O książkach, o Krakowie, o książkach w Krakowie i o Krakowie w książkach

poniedziałek, 2 kwietnia 2012

Podsumowanie marca


Miałam nie robić comiesięcznych podsumowań, ale chyba za bardzo lubię tą instytucję, żeby sobie tej przyjemności odmówić. Ale z drugiej strony nie bardzo jest co podsumowywać. Pod względem czytania marzec był niezwykle ubogi. Jakoś mnie to nie dziwi, zdarzało się, że w marcu nie przeczytałam nic (spadek formy po sesji, niestety), ale mimo wszystko wynik 6 książek każe się zastanowić – jak żyć?
List tych, które przeczytałam także pod względem jakościowym nie prezentuje się najlepiej”
1.       Kłamczuchy – Sara Shepard
2.       Mężczyzna na plaży. Śmierć fotografa – Henning Mankell
3.       Teleny – Oscar Wilde
4.       Gdzie mól i rdza – Paweł Pollak
5.       Portret w bieli – Nora Roberts
6.       50 teorii filozofii, które powinieneś znać – Ben Dupre

Książki przeczytane w tym miesiącu to głównie te przeczytane w ramach wyzwania Trójka e-pik – gdyby nie przedsięwzięcie sardegny, to pewnie nie przeczytałabym nic. Poza tym jedna książka została przeczytana fragmentarycznie – ale do tego została stworzona, a nie po to, żeby czytać ją duszkiem (mowa o „50 teoriach filozofii”), jedna pozostała niedoczytana – smutna przygoda z „Teleny”. I masa pozaczynanych, które muszę skończyć! Ten miesiąc obfitował w wiele zajęć, które powodowały między innymi, że byłam w ciągłym biegu i nawet siedząc w miejscu trudno mi się było skupić na jednej rzeczy. Stąd szereg książek doczytanych do połowy i pozostawionych w stanie dezorientacji – to jak to? Czytałam, podobało mi się bardzo, i porzuciłam? Hańba, Morris, hańba! Taki smutny los spotkał „Władcę Barcelony”, „Gottland”, „Wyśnione szczęście” i „Zucha”. Zaraz dostanę zeza rozbieżnego, próbując czytać dwie naraz. Szkoda, że nie mogę, jako ten pająk, mieć kilku par oczu i kilku par łapek, żeby spokojnie przejść przez to morze lektury. Dałoby mi to na pewno mnóstwo satysfakcji.

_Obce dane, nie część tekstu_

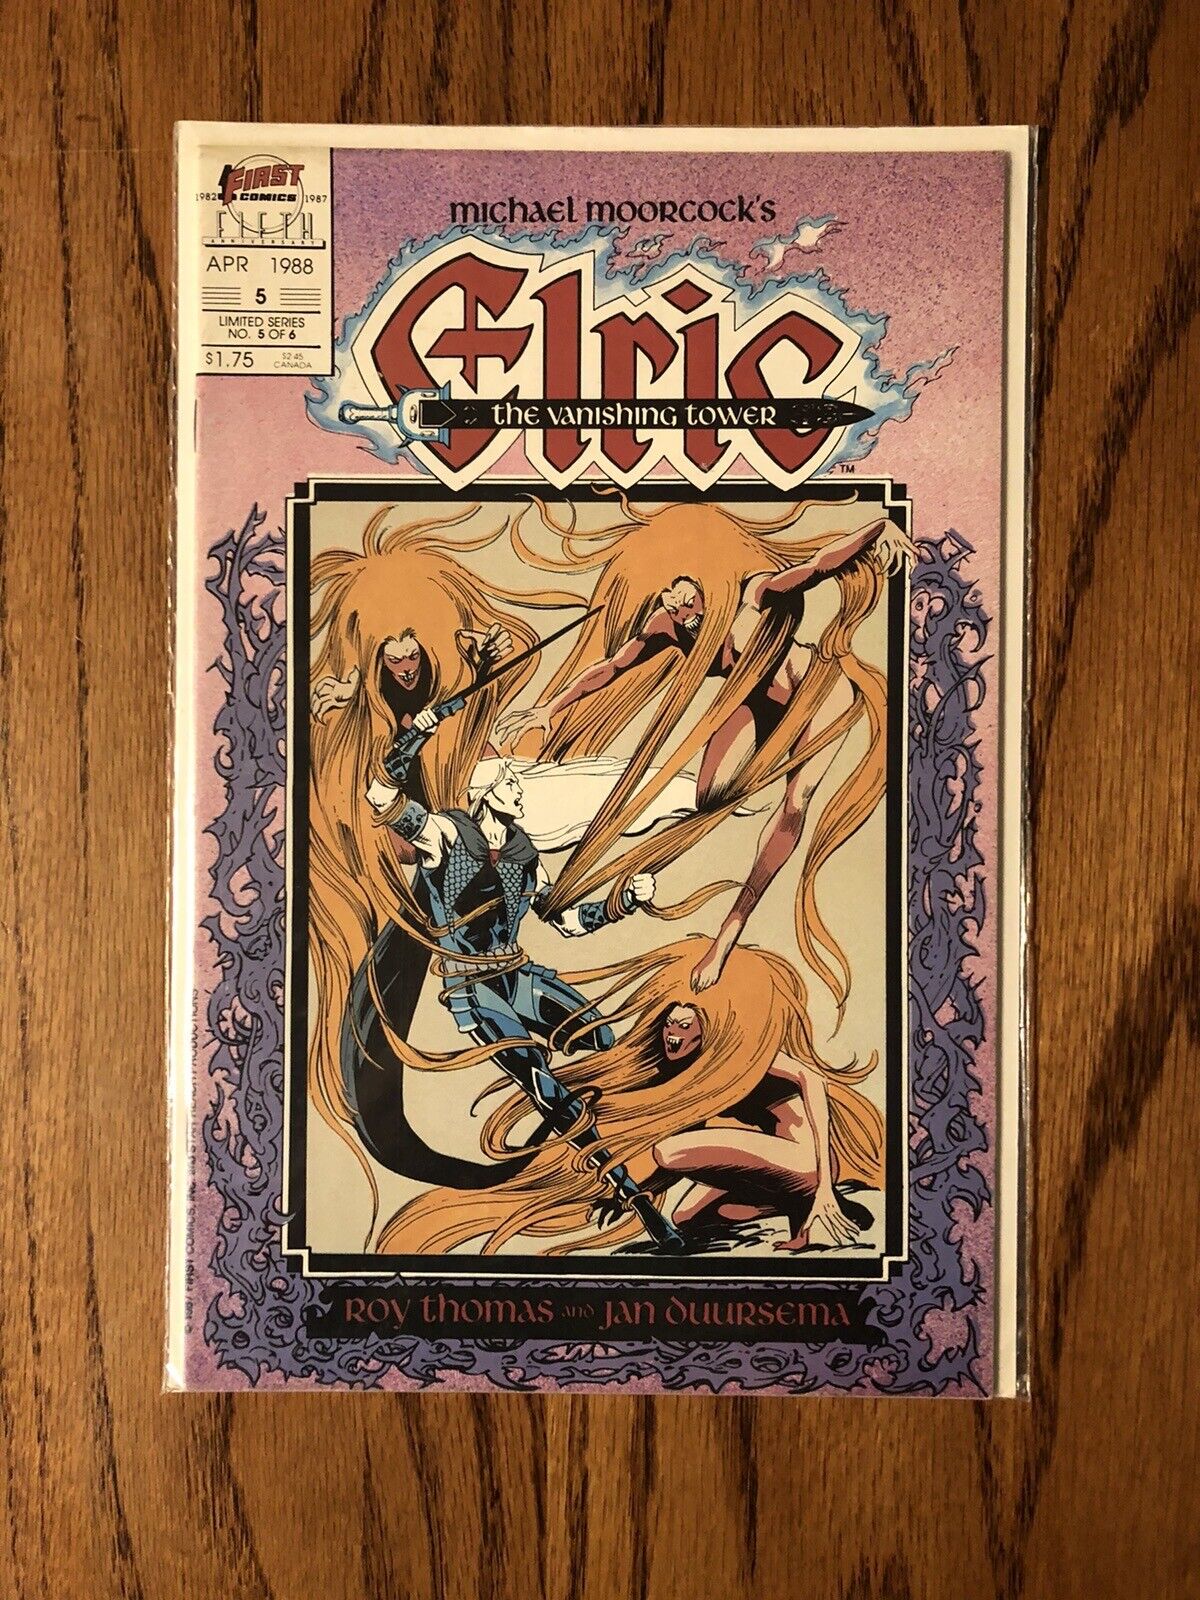 Elric The Vanishing Tower (1986) #5 - Michael Moorcock - VG Condition

Oczywiście nie przeczytałam nic z założonych w poprzednim miesiącu tytułów. Robienie takich planów w moim przypadku to jak wrzucenie książki do Krainy Wiecznego Niebytu. Najchętniej dopisałabym do tej listy jeszcze parę rzeczy, które chciałabym przeczytać w najbliższym czasie, ale chyba nie ma to sensu – zdam się na instynkt.

Miesiąc obfitował też  w kupowanie – moje postanowienie żeby nie kupować książek spowodowało tylko wyrzuty sumienia po tym, jak przytargałam do domu kolejne tomy. O tym, jak dużo kupuję, uświadomiła mi ostatnio siostra, wyrzucając ze 30 paragonów z mojego biurka. Wszystkie z księgarń. Toteż od dziś:
1.       Zaprzestaję zaglądania do moich ulubionych księgarń
2.       Przerzucam się na fotografowanie stosików książek bibliotecznych.
Z pełną świadomością, że gospodarka narodowa na tym ucierpi.


A tu trochę śmieszności, znalezionych na kwejku (nie są moje i nie czerpię z tego korzyści majątkowej) :)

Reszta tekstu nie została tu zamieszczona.